WHAT YOU WILL DO —
Your answer must be the exact lines from the one with "Der Versand ist nicht inbegriffen. Siehe" to the end of the data, both included, with no pictures.

----------------------------------------

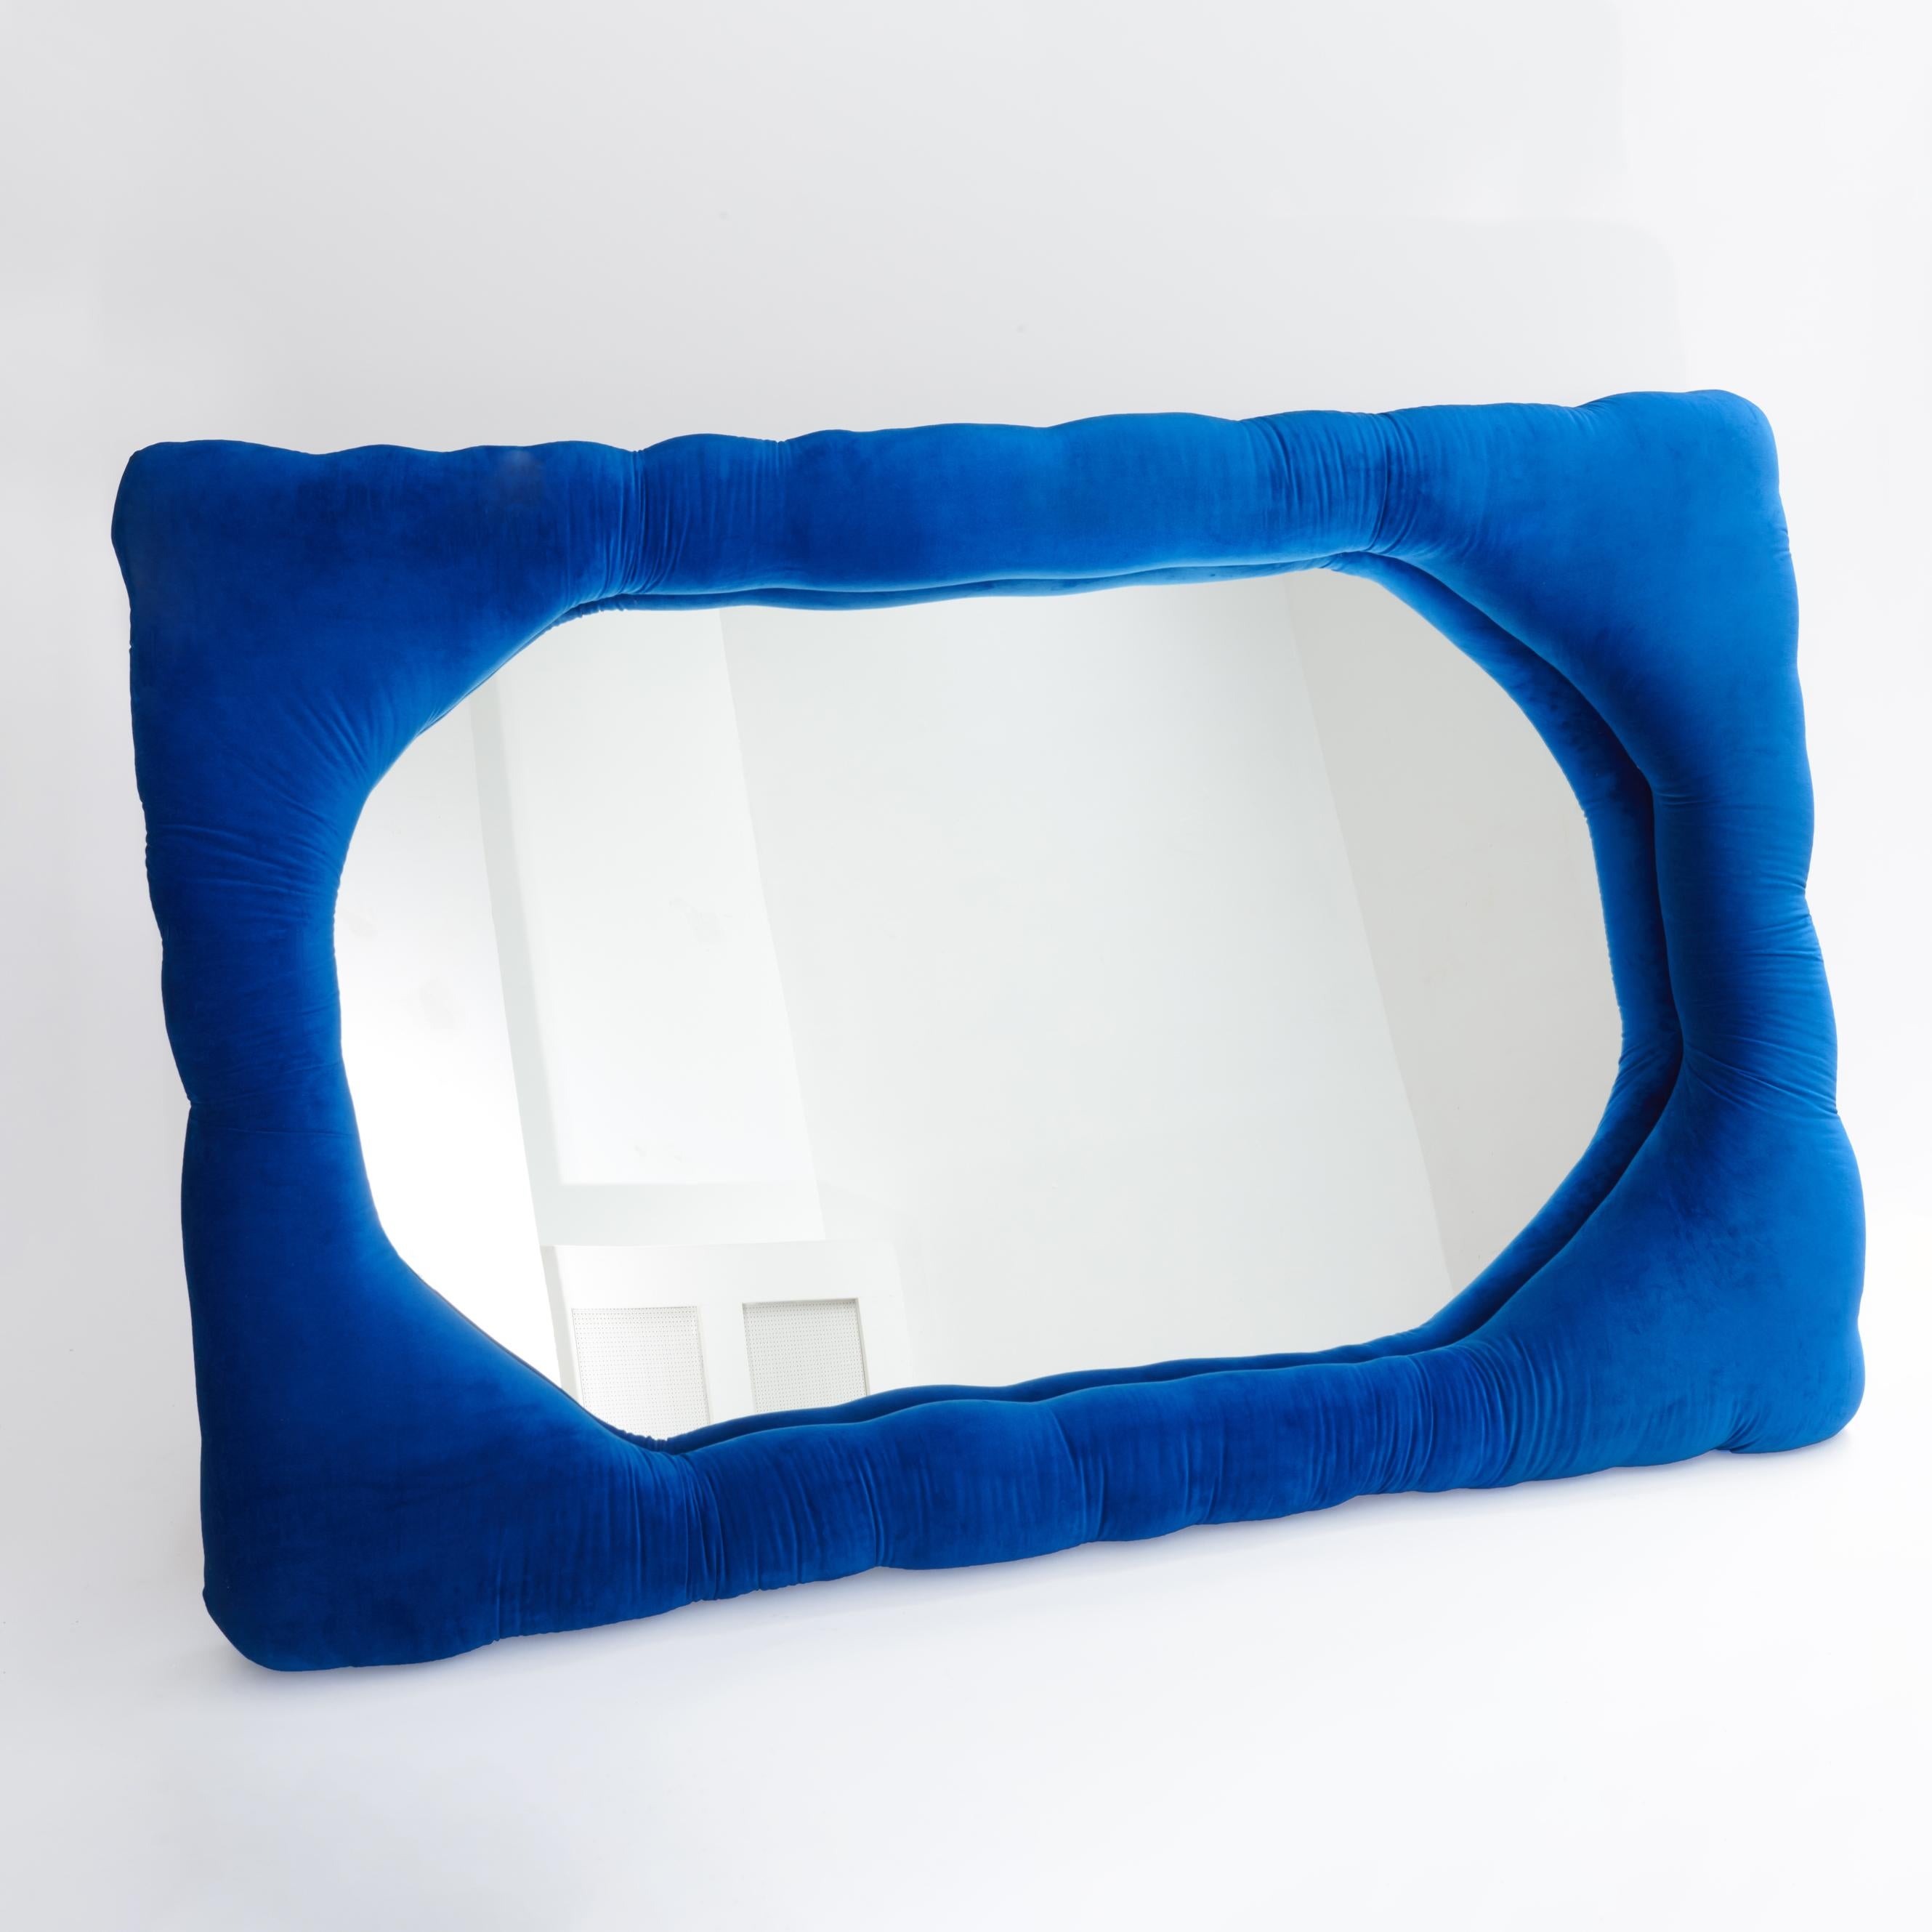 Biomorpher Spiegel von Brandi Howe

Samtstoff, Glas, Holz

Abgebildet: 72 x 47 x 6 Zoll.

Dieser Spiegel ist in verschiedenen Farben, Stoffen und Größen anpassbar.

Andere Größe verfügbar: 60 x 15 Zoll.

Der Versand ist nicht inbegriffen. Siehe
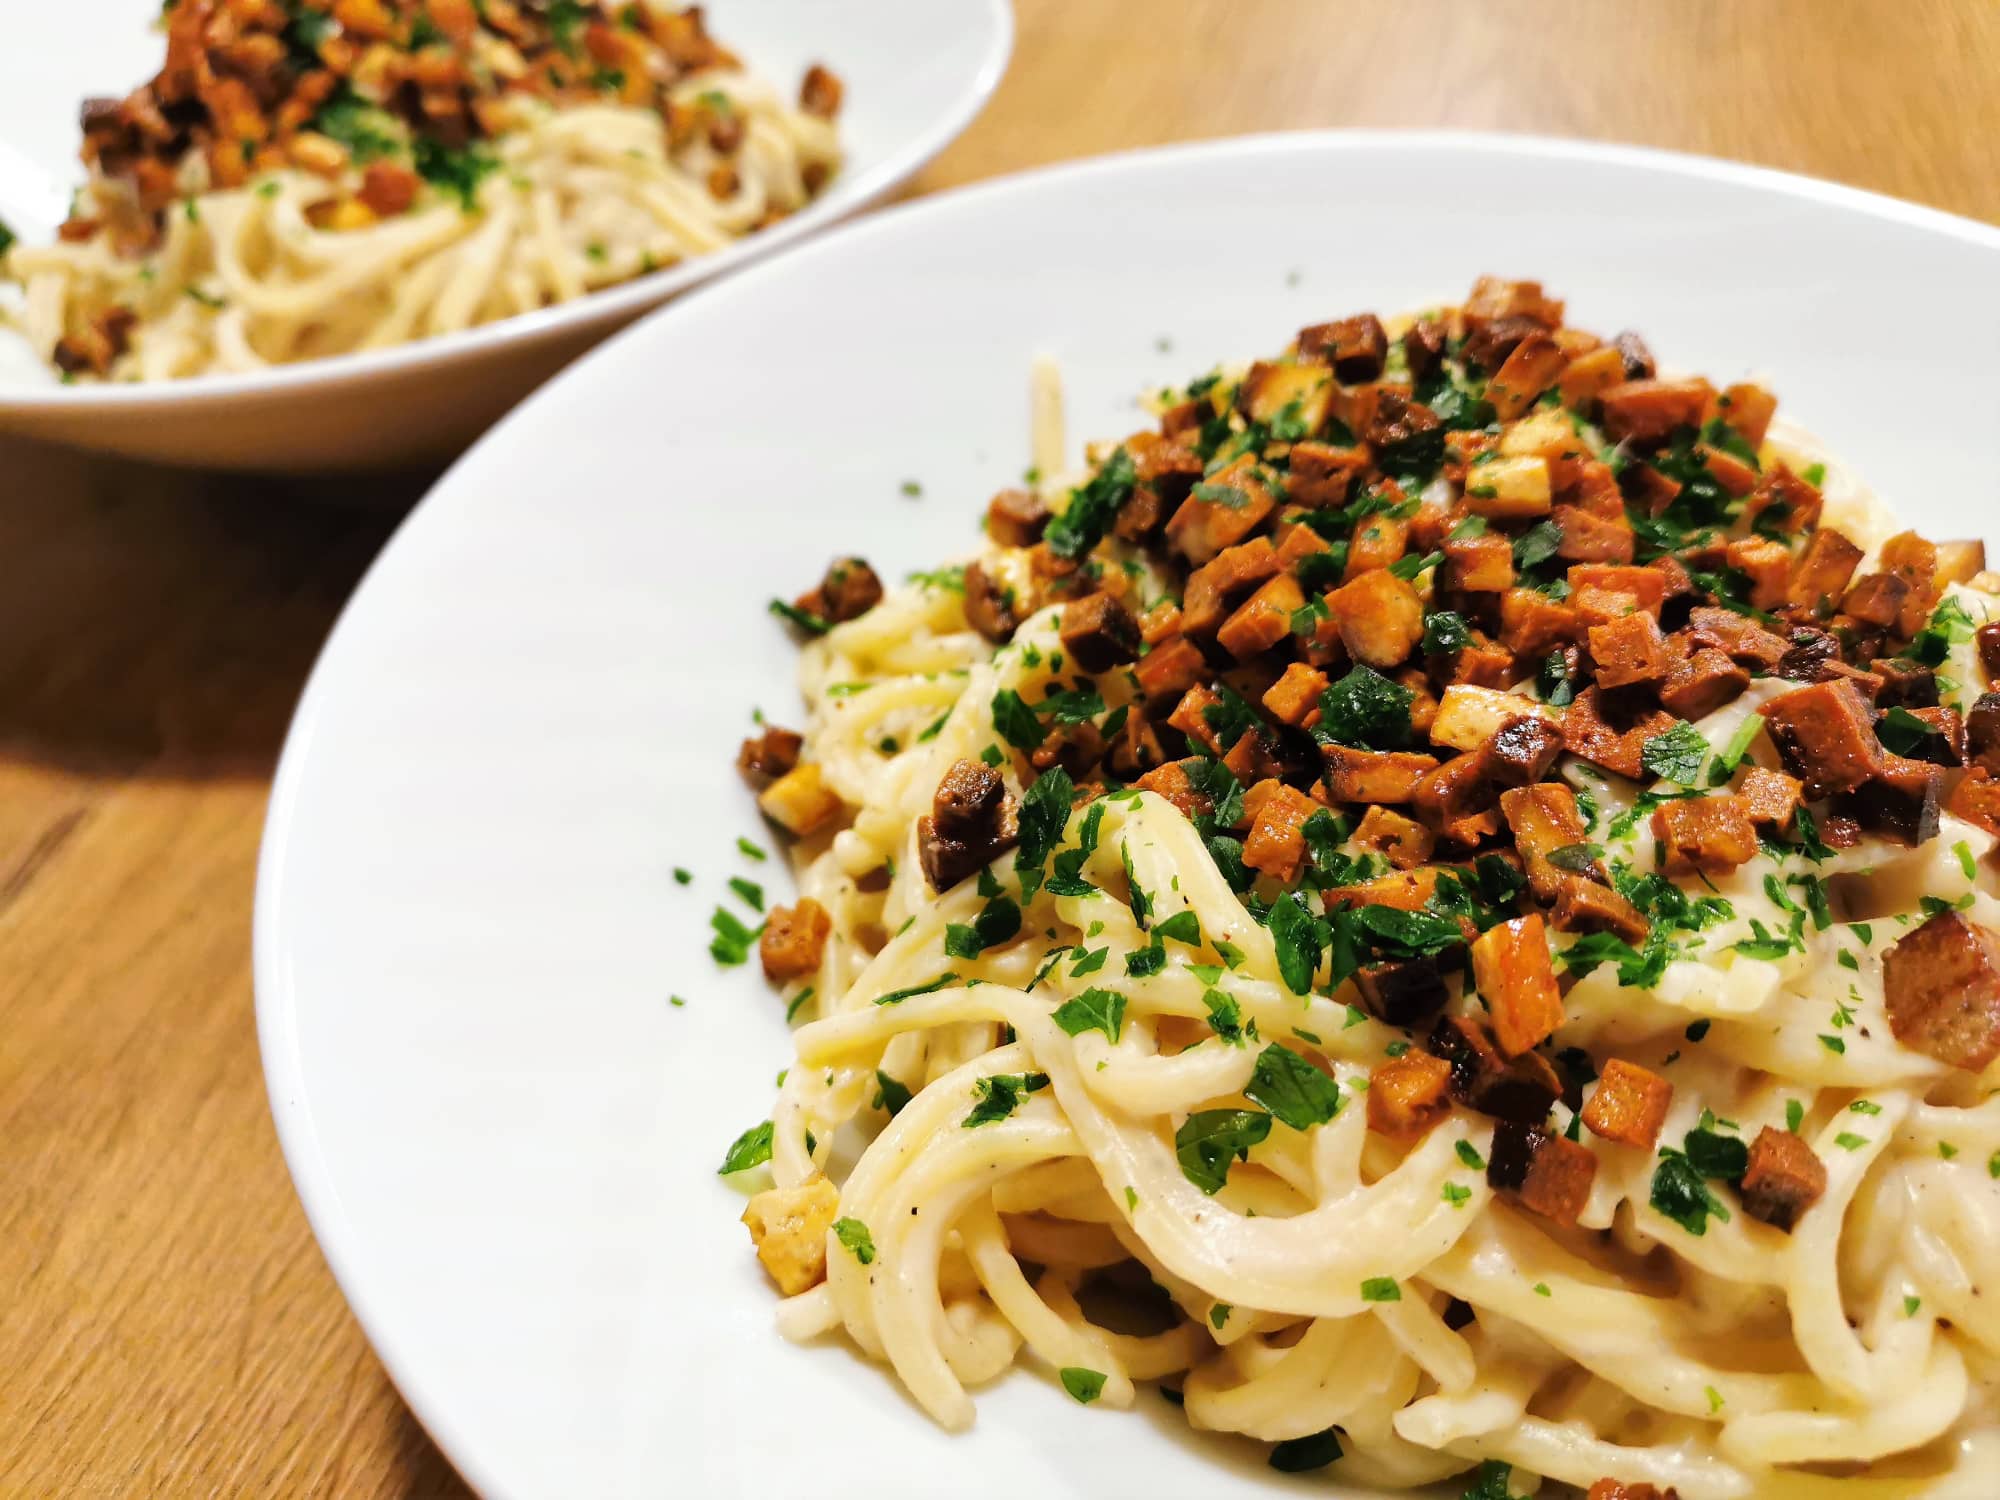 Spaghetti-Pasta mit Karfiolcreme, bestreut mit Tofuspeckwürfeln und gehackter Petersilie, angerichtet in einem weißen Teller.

----------------------------------------

WRITTEN SOLUTION —
Der Versand ist nicht inbegriffen. Siehe
 Spaghetti-Pasta mit Karfiolcreme, bestreut mit Tofuspeckwürfeln und gehackter Petersilie, angerichtet in einem weißen Teller.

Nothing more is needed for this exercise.